For the circuit shown in the figure, the Thevenin voltage and resistance looking into X-Y are

1. \(\frac{4}{3}V\), 2\(\Omega\)
2. 4V, \(2/3\) \(\Omega\)
3. 4/3 V, \(2/3\Omega\)
4. 4V, 2\(\Omega\)

Solution

\(V_{th} = V_{oc}\): Apply nodal analysis at node \(V_x\) (which is \(V_{oc}\)). Let \(i\) be current down through the middle 1\(\Omega\). \(V_x = i \times 1 = i\). KCL at \(V_x\): \(\frac{V_x}{2} - 2 + V_x + \frac{V_x - 2i}{1} = 0\). Substitute \(i = V_x\): \(\frac{V_x}{2} - 2 + V_x + V_x - 2V_x = 0 \Rightarrow 0.5V_x - 2 = 0 \Rightarrow V_x = 4~V\). \(V_{th} = V_{oc} = 4V\).

\(R_{th}\): Find \(I_{sc}\) (short circuit X to Y).

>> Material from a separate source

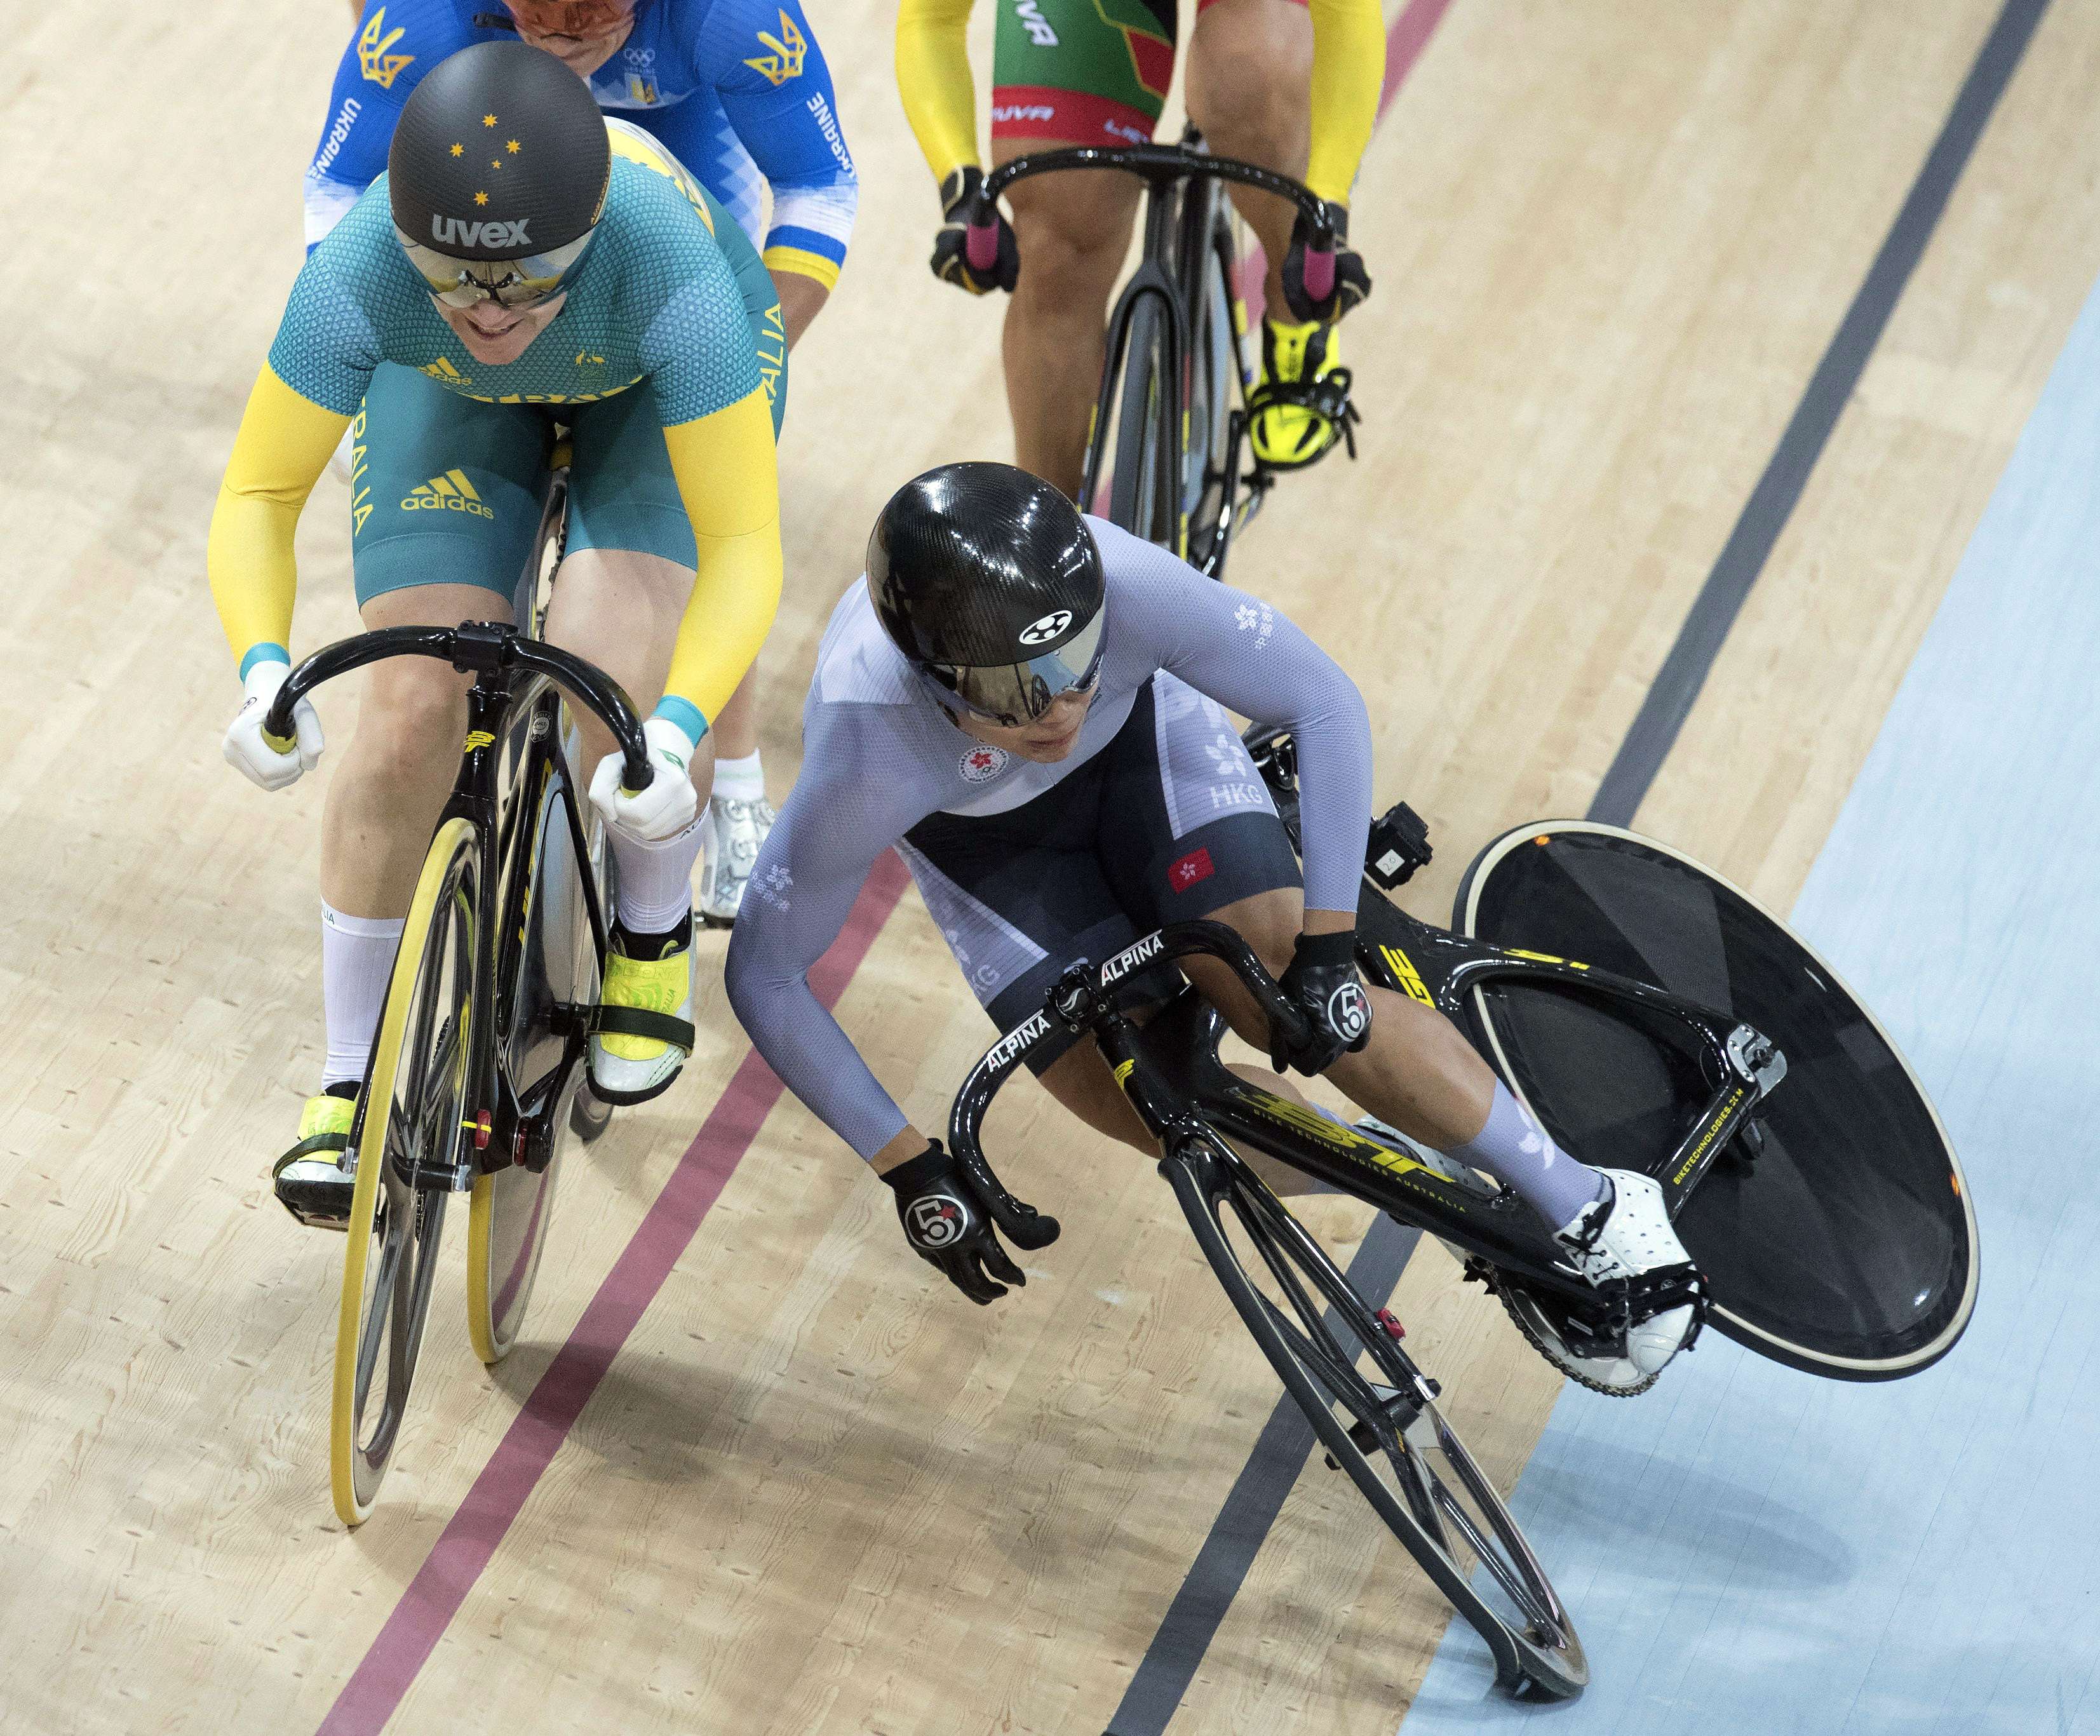 Sarah Lee crashes out of the keirin semi-finals at the Rio Olympic Velodrome. Photo: The Canadian Press via AP
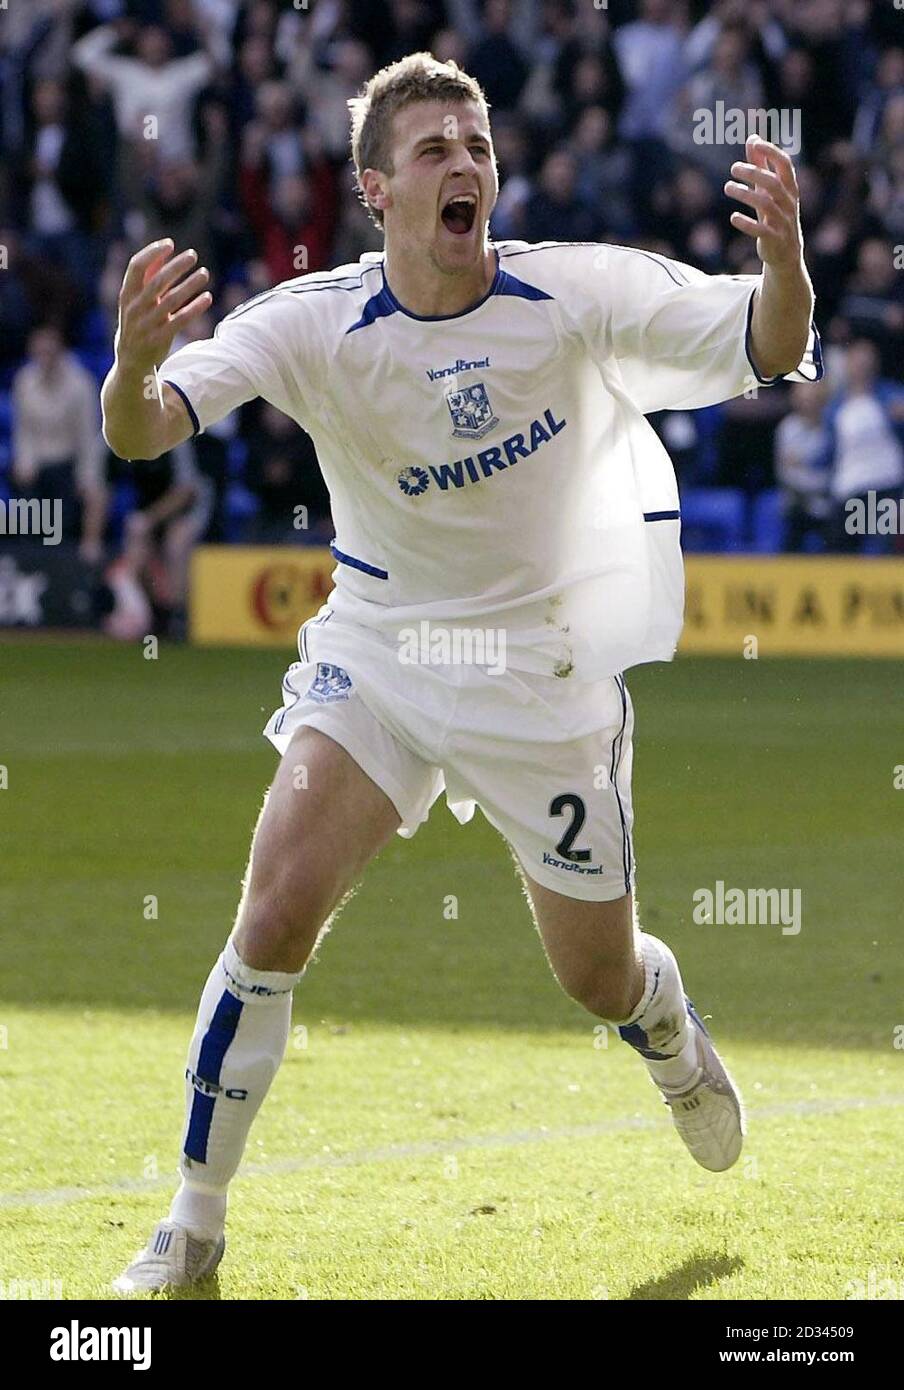 Tranmere Rovers' Ryan Taylor celebrates his goal against Luton Town during their Coca-Cola League One match at Prenton Park, Tranmere, Saturday October 2, 2004.   THIS PICTURE CAN ONLY BE USED WITHIN THE CONTEXT OF AN EDITORIAL FEATURE. NO UNOFFICIAL CLUB WEBSITE USE. Stock Photo

When shorted, \(V_x = 0\), so \(i = V_x / 1\Omega = 0\). The dependent source \(2i = 0\) (a short circuit). The 2\(\Omega\) resistor is shorted out. The 2A source current flows through the short. \(I_{sc} = 2~A\). \(R_{th} = V_{oc} / I_{sc} = 4~V / 2~A = 2\Omega\).

The RC circuit shown in the figure is

1. A low-pass filter
2. A high-pass filter
3. A band-pass filter
4. A band-reject filter

Solution

We analyze the transfer function \(H(j\omega) = V_o / V_i\) at frequency extremes. At \(\omega = 0\) (DC): Capacitors are open circuits. The series capacitor blocks the signal, so \(V_o = 0\). \(H(0) = 0\). At \(\omega = \infty\) (high freq): Capacitors are short circuits. The shunt capacitor shorts the output to ground, so \(V_o = 0\). \(H(\infty) = 0\). At \(\omega = 1/RC\) (a mid-frequency): The gain is non-zero. Since the gain is zero at low and high frequencies and non-zero in between, it is a band-pass filter.